(Stored data)
☆ ☆ ☆ ☆ ☆ ☆ ☆
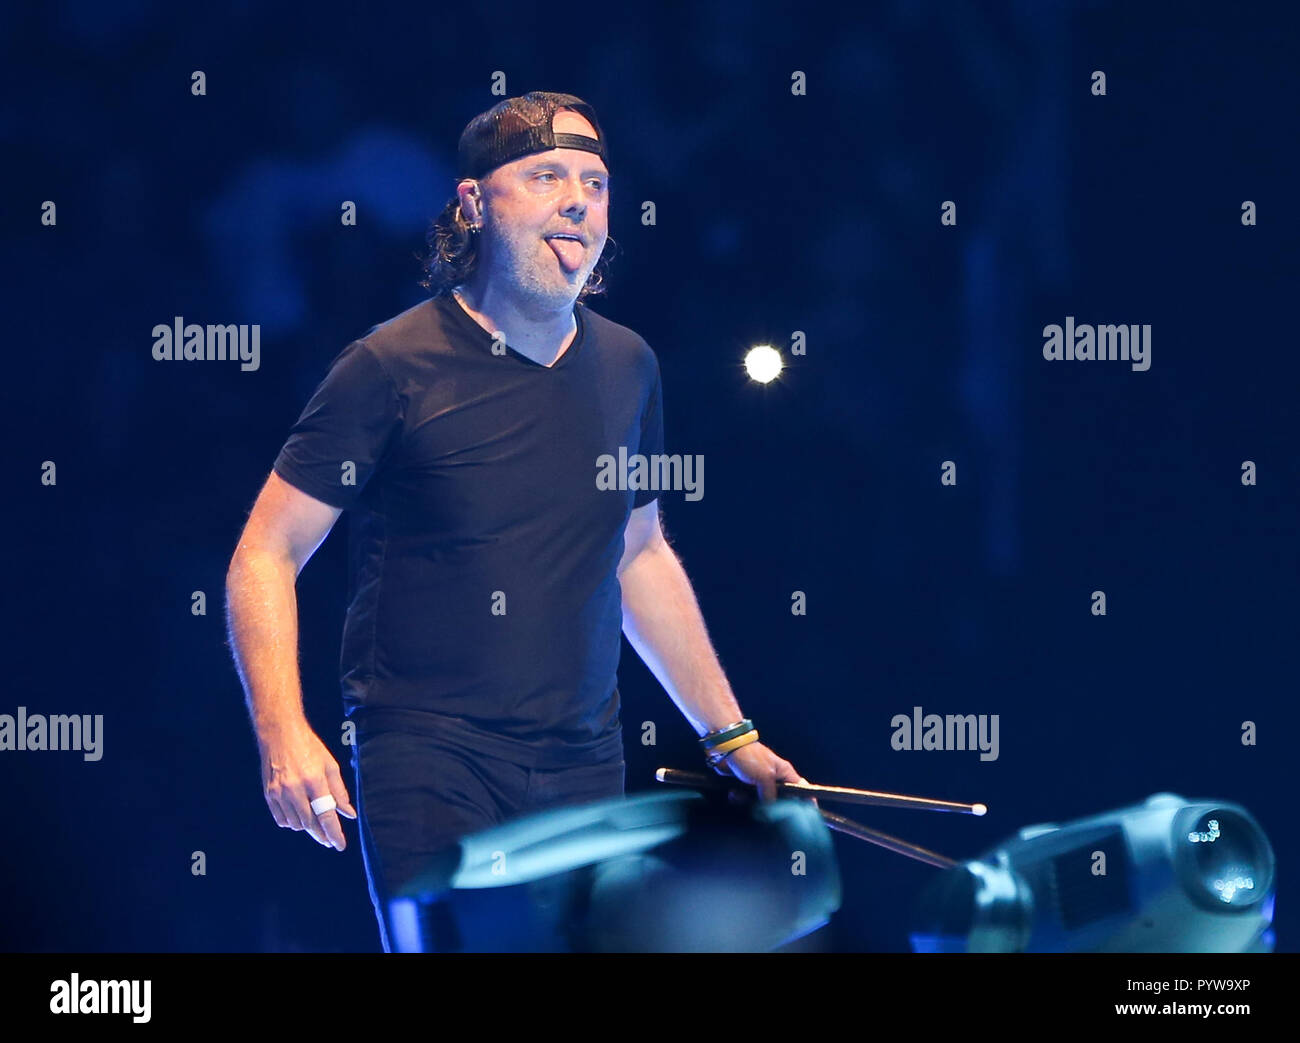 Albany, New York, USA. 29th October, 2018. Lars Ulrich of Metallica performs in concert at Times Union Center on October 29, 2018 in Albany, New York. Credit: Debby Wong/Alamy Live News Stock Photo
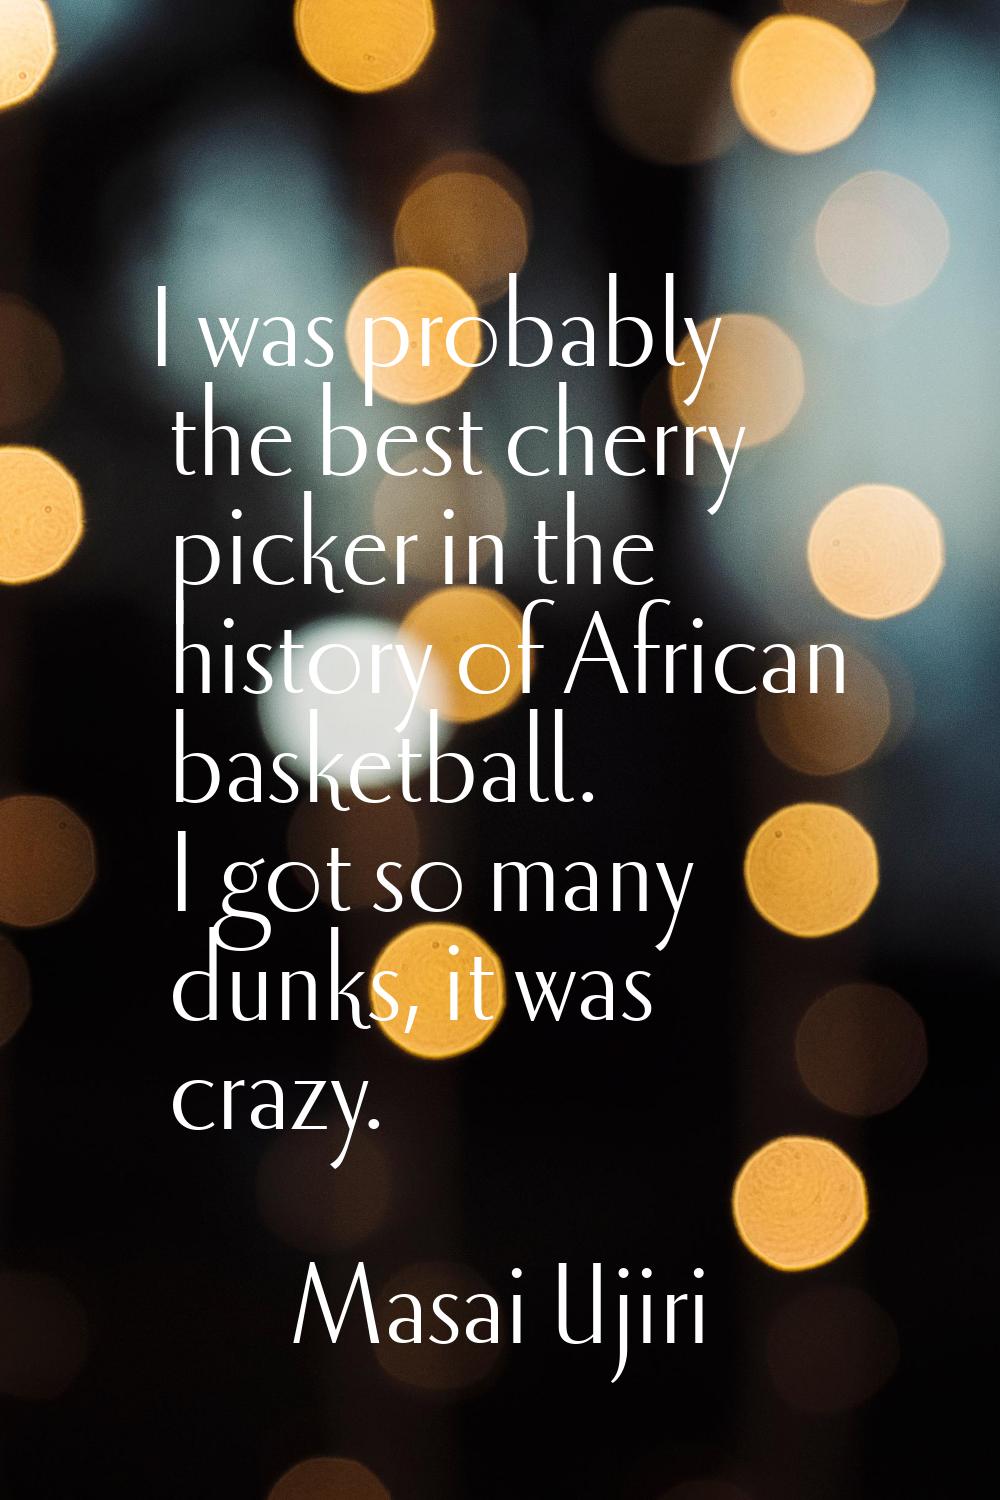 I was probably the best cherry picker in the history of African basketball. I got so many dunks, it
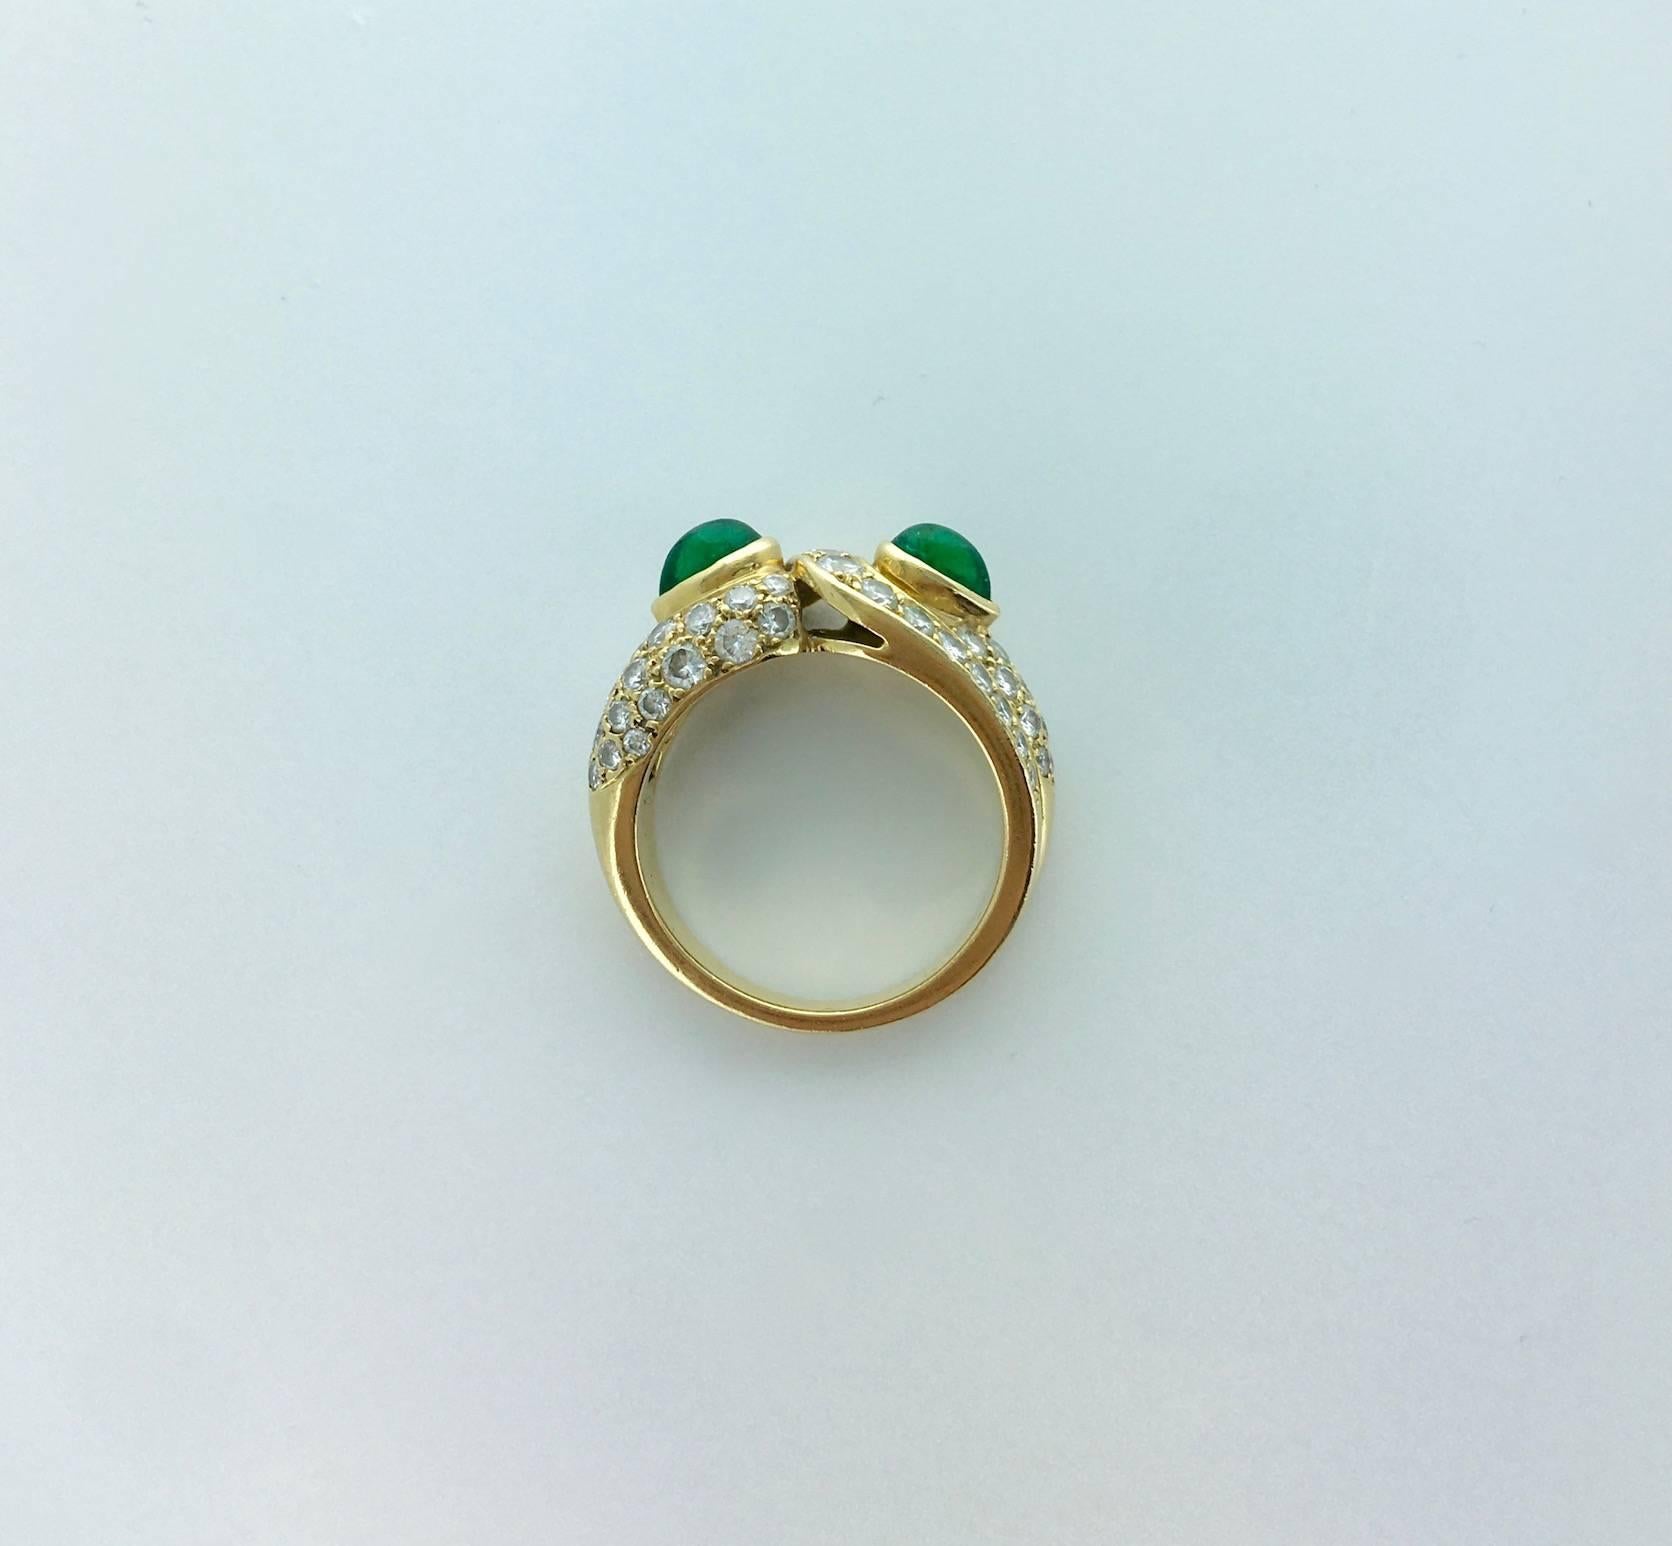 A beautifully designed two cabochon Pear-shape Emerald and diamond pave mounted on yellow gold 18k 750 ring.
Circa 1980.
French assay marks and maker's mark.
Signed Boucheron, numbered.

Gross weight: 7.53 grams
☆ ☆ ☆ ☆ ☆ ☆ ☆
Repeat the data exactly. No pictures should appear.

 Albany, New York, USA. 29th October, 2018. Lars Ulrich of Metallica performs in concert at Times Union Center on October 29, 2018 in Albany, New York. Credit: Debby Wong/Alamy Live News Stock Photo
 I was probably the best cherry picker in the history of African basketball. I got so many dunks, it
 A beautifully designed two cabochon Pear-shape Emerald and diamond pave mounted on yellow gold 18k 750 ring.
Circa 1980.
French assay marks and maker's mark.
Signed Boucheron, numbered.

Gross weight: 7.53 grams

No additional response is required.